Returning to the Power BI feature we’re looking at today, the DAX Query View can be used by Power BI developers to assess model data quality, allowing users to identify issues such as duplicates, null values, lost data, and incorrect formats.
Example
For this example, we’ll be using the Contoso Sales Power BI Designer file, available here.
We’ll look at a scenario where no data warehouse is available, so all raw data is imported into Power BI and modelled using Power Query.
You can see the model below:
How to Use the DAX Query Editor
As mentioned earlier, the DAX Query View in Power BI enables users to create DAX queries, which differ from DAX formulas. A DAX query is like an SQL query and is used to view data in the model.

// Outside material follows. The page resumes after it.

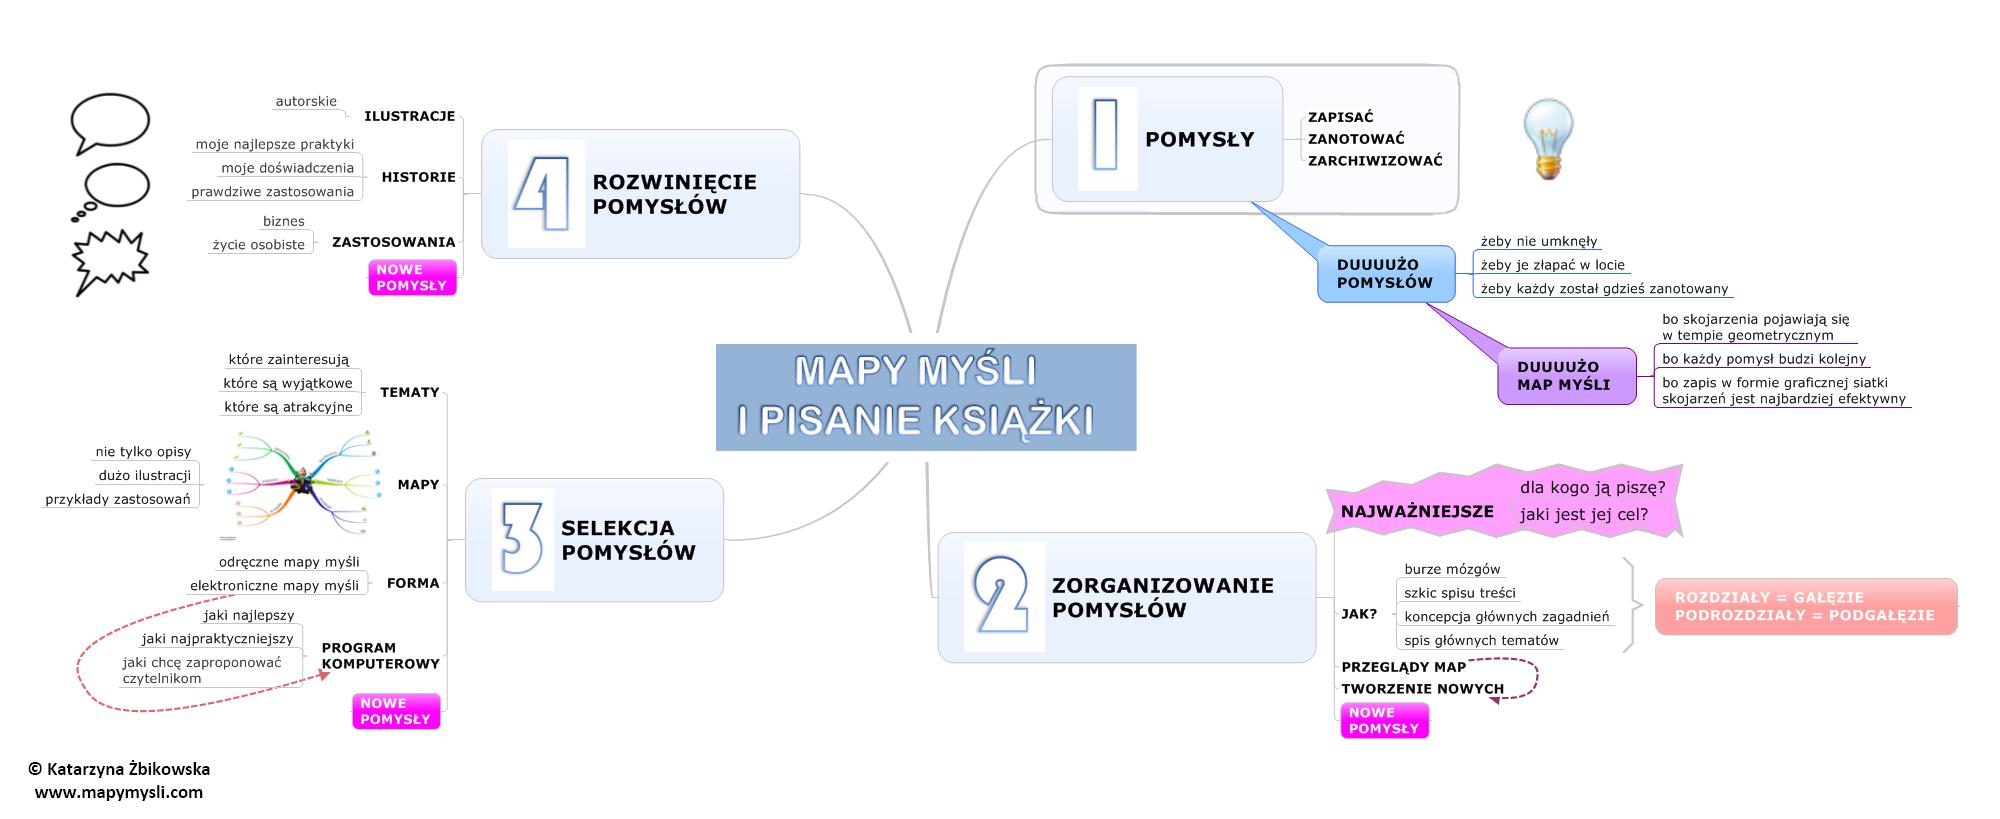 mapy-mysli-i-pisanie-ksi%C4%85%C5%BCki-mapa-my%C5%9Bli.png

There are two main parts to a DAX query:
- EVALUATE (required): This statement is necessary to specify the table expression that contains the data to be viewed. A DAX query can contain multiple EVALUATE statements.
- DEFINE (optional): This statement is used to specify measures and variable definitions that enhance the functionality of the EVALUATE statements.
Inside the DAX Query View, users can define or modify measures that already exist in the model. These changes are temporary and only affect that specific DAX query session, so users can experiment with modifications. There is also an option to permanently update the measures in the model based on the changes made during the session.
Another Power BI feature called Quick Queries helps users to start their queries more efficiently. For instance, to view the top 100 rows of the Sales table, simply right-click on Sales in the data pane, then select Quick Queries > Show top 100 rows:
With this quick query, you can easily exclude (or comment out) unnecessary columns from the results, modify the number of displayed rows, adjust the order, and more.
Null Check
For this example, two measures were created, Profit and % Profit Margin; see the DAX definition below:
To simulate a scenario where null values may occur, imagine there was an issue with the data load causing all online stores to have IDs that do not exist in the fact table. Consequently, when the join is performed, some stores will appear with null dimensions because their IDs cannot be found:
As can be seen above, the blank values are in the Geography table. The tables are joined using the StoreKey column, so the focus for finding a solution should be on checking the values in this column:
The first few rows display the values that are causing blanks in the ContinentName column. Since the expected values are greater than 0, as they appear in the fact table, the online stores cannot be associated with any continent.
Duplicates Check
In the Contoso data model, the Sales table is the fact table around which the model is built. It is possible to check duplicates using the DAX Query Editor like in a SQL-based database.
In this fact table, each sale is identified by a unique value, named SalesKey, so this column will be used as the primary key in the example. Below is a sample of the code that could be used:
In the figure above, the COUNT column shows the number of rows for each SalesKey, while the IsDuplicate column indicates whether a row is duplicated. Duplicates can be detected if the COUNT column exceeds 1 or if the IsDuplicate value is 1.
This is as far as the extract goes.